In this article the aberdeen technical team look at how executors of an estate can reclaim IHT if stock markets fall, through share loss relief.
The fallout from President Trump’s announcement of tariffs on goods entering the US has had markets across the world in turmoil. The general advice right now for most investors might be to take the long term view, hold tight and wait for markets to recover. However, that is generally not an option for the executors of a deceased’s estate.
Advising the executors of a deceased client can be a sensitive and challenging time especially if they are also the beneficiaries of the estate. But where the client died before the current market volatility can present some new challenges.
An executor’s role is to collect in the deceased’s assets, pay any liabilities and distribute the proceeds to the estate beneficiaries. They can’t play the long game, nor can they try and time the markets.
IHT must be paid on the estate value at the date of death, even though some of the assets in the estate may subsequently take a significant hit on the back of stock market falls.
In this scenario relief may be available allowing the executors to reclaim some of the IHT they have already paid. This is known as IHT share loss relief. This allows the IHT bill to be recalculated if the executors sell quoted shares/collective investments at a loss during the administration period.
Sell or transfer shares
Executors must decide whether to sell assets or transfer the ownership to the beneficiary. They may be inclined to pass the shares directly to a beneficiary allowing them to decide on the best time to sell. If the shares haven’t recovered by the time they are sold any losses can be carried-forward to use against any other gains they may have.
But by passing the shares to the beneficiary they could be missing out on relief from IHT at 40% to save CGT at 18% or 24%. Relief is only available when executors sell shares and it is generally not available when they are passed in-specie to a beneficiary. So it can be beneficial to dispose of the shares and pass the proceeds, potentially including the reclaimed IHT, to the beneficiary who is free to reinvest it as they choose.
Executors have up to 12 months from the date of death to sell the quoted shares if they wish to claim the relief. Administering certain estates can be a lengthy process so executors may need to keep this deadline in mind if they plan to reclaim IHT already paid.
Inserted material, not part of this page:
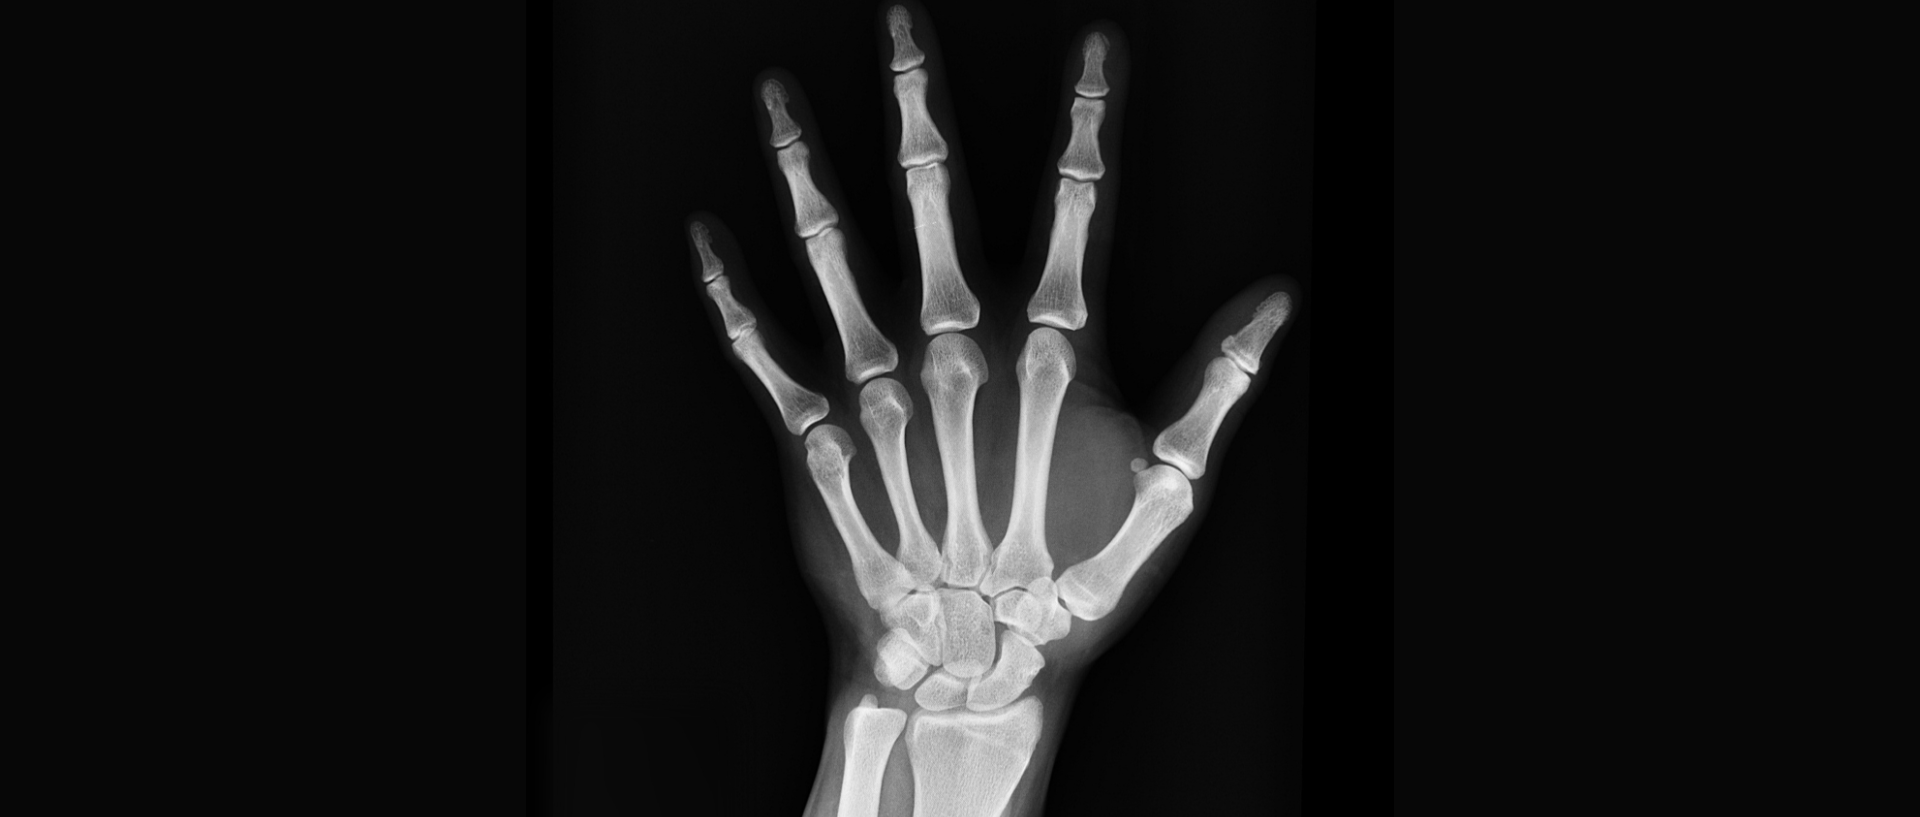 xray of person's hand

Although the sale must be made within 12 months of the date of death, relief can still be claimed up to five years later using form IHT35.
How relief is given
Before they can sell, executors will normally need to obtain a grant of probate which they will not get until IHT has been paid. This will be based on the value of the estate at the date of death.
Loss relief on the sale of quoted shares (excluding AIM shares) is claimed by electing to substitute the ‘date of death’ value in the IHT account with the actual sales value. IHT is recalculated on the lower value of the estate, and a repayment of IHT will follow.
Claim or not claim?
IHT and CGT are closely linked. If IHT is paid on an asset on death then generally there isn’t a charge to CGT at the same time
Claiming the IHT loss relief
A claim for IHT loss relief on the sale of shares will also amend the base cost for CGT. The executors will normally acquire the shares or OEICs at a base cost equal to the value at the date of death (often referred to as ‘market uplift’). If a claim is made for a loss on sale of shares, then the base cost for CGT will also be reduced to the proceeds from the sale. Effectively, this means that executors will not benefit from the loss twice.
Not claiming IHT loss relief – the CGT benefits
If there is no IHT payable on the estate, there would seem little point in claiming for loss relief. For example, smaller estates, or estates which are passing to the surviving spouse will not see any benefit.
If executors are selling the shares anyway, there may be more benefit to using the loss to offset other capital gains on any other assets in the estate.
Alternatively, they could distribute the shares in specie to a beneficiary as part of their share of residue. The acquisition cost of the shares for the beneficiary would be their value at the date of death, allowing them to potentially sell at a loss which they could use against gains on their own portfolio, or wait for the share price to recover to their date of death value, effectively giving them a ‘tax free’ gain.
Of course, if IHT can be reclaimed, then the resulting 40% saving is always going to beat the CGT saving of 24%. This means that there will be more residue to distribute to the beneficiaries of the estate.
Even if shares are transferred at a loss to beneficiaries, the top rate of CGT saved is 24% for higher and additional rate taxpayers.
Planners should note that the amount of relief that can be claimed will be reduced, or wiped out completely, if qualifying shares showing a gain are also sold in the 12 months after death.
Summary
The current market fluctuations created by Trump’s tariffs and the ensuing trade war will undoubtedly create situations where share values may have fallen since the date of death. Share loss relief may help to recover those losses during the administration of the estate and protect inheritances.